Tom Homan, the 63-year-old border czar that President Donald Trump dispatched to Minnesota, built his enforcement reputation under a Democratic administration. Between 2013 and 2016, Homan's team at Immigration and Customs Enforcement (ICE) removed more than 920,000 people from the United States.
That record earned him the 2015 Presidential Rank Award for Distinguished Service from Barack Obama, the highest honour a career civil servant can receive. At the time, The Washington Post described him as someone who 'deports people. And he's really good at it'.
Small-Town Cop to Federal Enforcer
Homan was born on 28 November 1961 in West Carthage, New York. His father and grandfather both served as police officers in the same town, establishing a family pattern in law enforcement.
Homan spent the next three decades moving through immigration enforcement. He worked as a Border Patrol agent in California and Arizona for five years, then supervised operations on the Texas-Mexico border in 2003. By 2013, Obama had appointed him executive associate director of enforcement and removal operations at ICE, making him the first director to have come up through the ranks.
The Obama Years
Homan's three years running ICE enforcement operations produced large removal figures. In fiscal year 2013 alone, his team removed more than 325,000 people classified as criminal aliens, with 40 per cent convicted of aggravated felonies or multiple felonies. Between 2013 and 2016, his Enforcement and Removal Operations (ERO) unit arrested and removed 534,000 criminal aliens.
When unaccompanied children began crossing the Southwest border in 2014, Homan managed the response. His team transferred more than 55,000 children to the Office of Refugee Resettlement, a 145 per cent increase from the previous year. Federal law required ICE to hand over these children within 72 hours, and Homan ensured compliance.

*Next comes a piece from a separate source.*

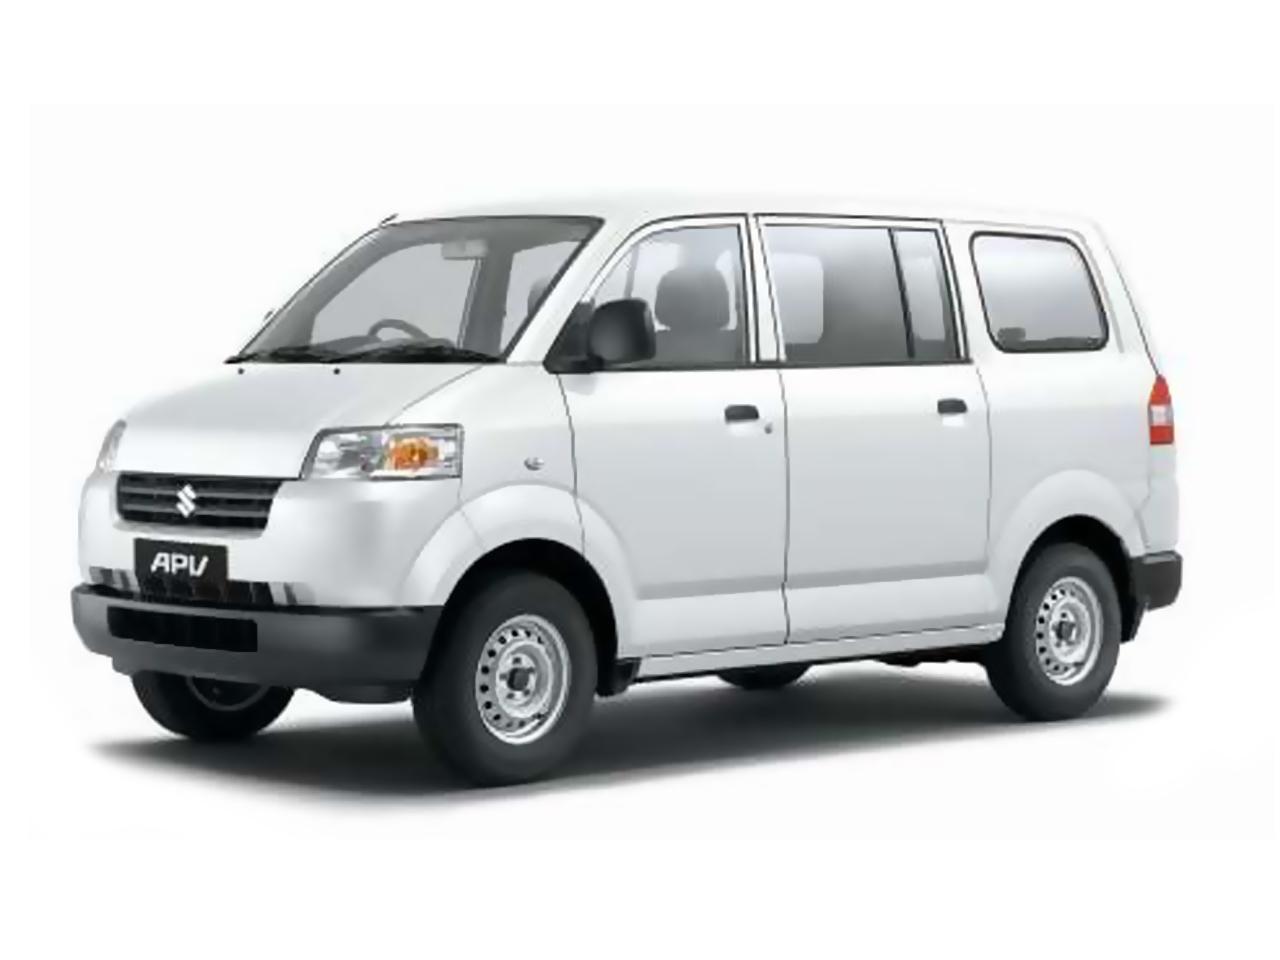 2018 Suzuki Apv Prices In Uae Gulf Specs Reviews For Dubai Abu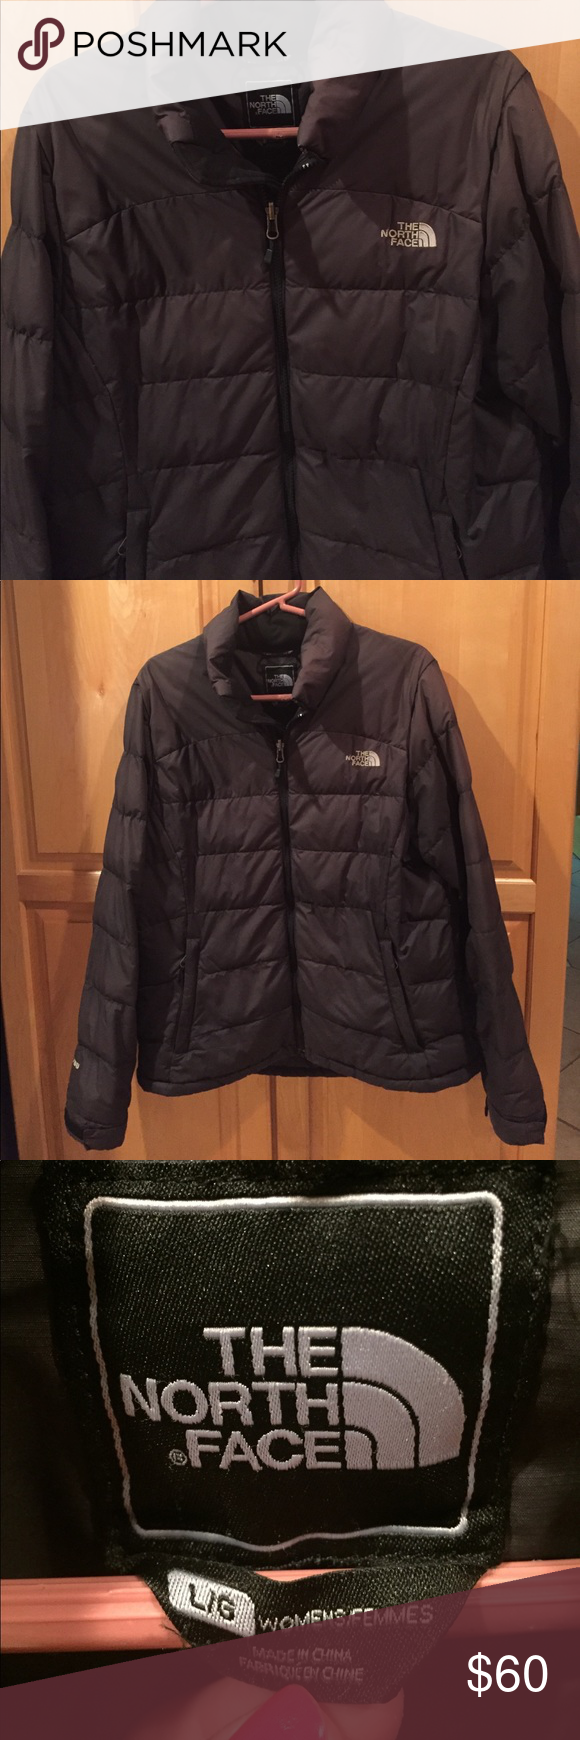 The North Face Nuptse Jacket North Face Nuptse Jacket Jackets Winter Outfits [ 1740 x 580 Pixel ]

The Family Separation Idea
In 2014, still under the Obama administration, Homan began advocating for the idea that separating children from parents would deter illegal crossings. Journalist Caitlin Dickerson later described him as the 'intellectual father' of family separation, saying he promoted the policy years before Trump adopted it.
'Most parents don't want to be separated', Homan told Dickerson. 'I'd be lying to you if I didn't think that would have an effect.' When Trump appointed him acting ICE director in January 2017, Homan pushed the policy further. In April 2018, he and Kevin McAleenan urged Homeland Security Secretary Kirstjen Nielsen to implement Zero Tolerance, which meant prosecuting parents and removing their children. More than 5,500 children were separated from their parents in 2018.
Married to His High School Girlfriend
Away from the headlines, Homan's been with the same woman for over 40 years. He married Elizabeth in 1980 after they met in high school back in West Carthage. She worked as a flight attendant for American Airlines before staying home after their second child was born. They have four children together.
Homan describes himself as a lifelong Catholic and attends Mass regularly. He has publicly disagreed with Pope Francis on immigration policy. When the Pope criticised border enforcement, Homan responded: 'I wish he'd stick to the Catholic Church and fix that and leave border enforcement to us. He's got a wall around the Vatican, does he not?'
Picture 2016 under Obama, CNN’s coverage of ICE agents in Chicago, showing them removing illegal immigrants to ‘make the community safer’. No outrage, just straight reporting on their mission.
— ConservativeKay1.0 (@kay_dub_h) January 17, 2026
2015, Barack Obama honored ICE leader Tom Homan with the Presidential Rank Award for… pic.twitter.com/8Oli5lLrcH
From Retirement to Border Czar
Homan left ICE in June 2018 after the White House did not push his nomination through the Senate. He joined Fox News as a contributor and later signed on with the Heritage Foundation in 2022, where he contributed to Project 2025, a blueprint that calls for mass arrests and deportations of people in the country illegally.
At the Republican National Convention last year, Homan delivered a message to immigrants in the country illegally: 'You better start packing now. 'Cause you're going home'. He promised the largest deportation operation in US history. Trump appointed him border czar in November 2024, a role that does not require Senate approval.
Trump deployed Homan to Minnesota after two US citizens were killed by federal agents in Minneapolis within three weeks. The assignment aims to stabilise the situation while maintaining enforcement pressure. Homan holds something many Trump officials do not: bipartisan credentials, having received the government's highest career award from Obama for the same work Democrats now criticise him for under Trump.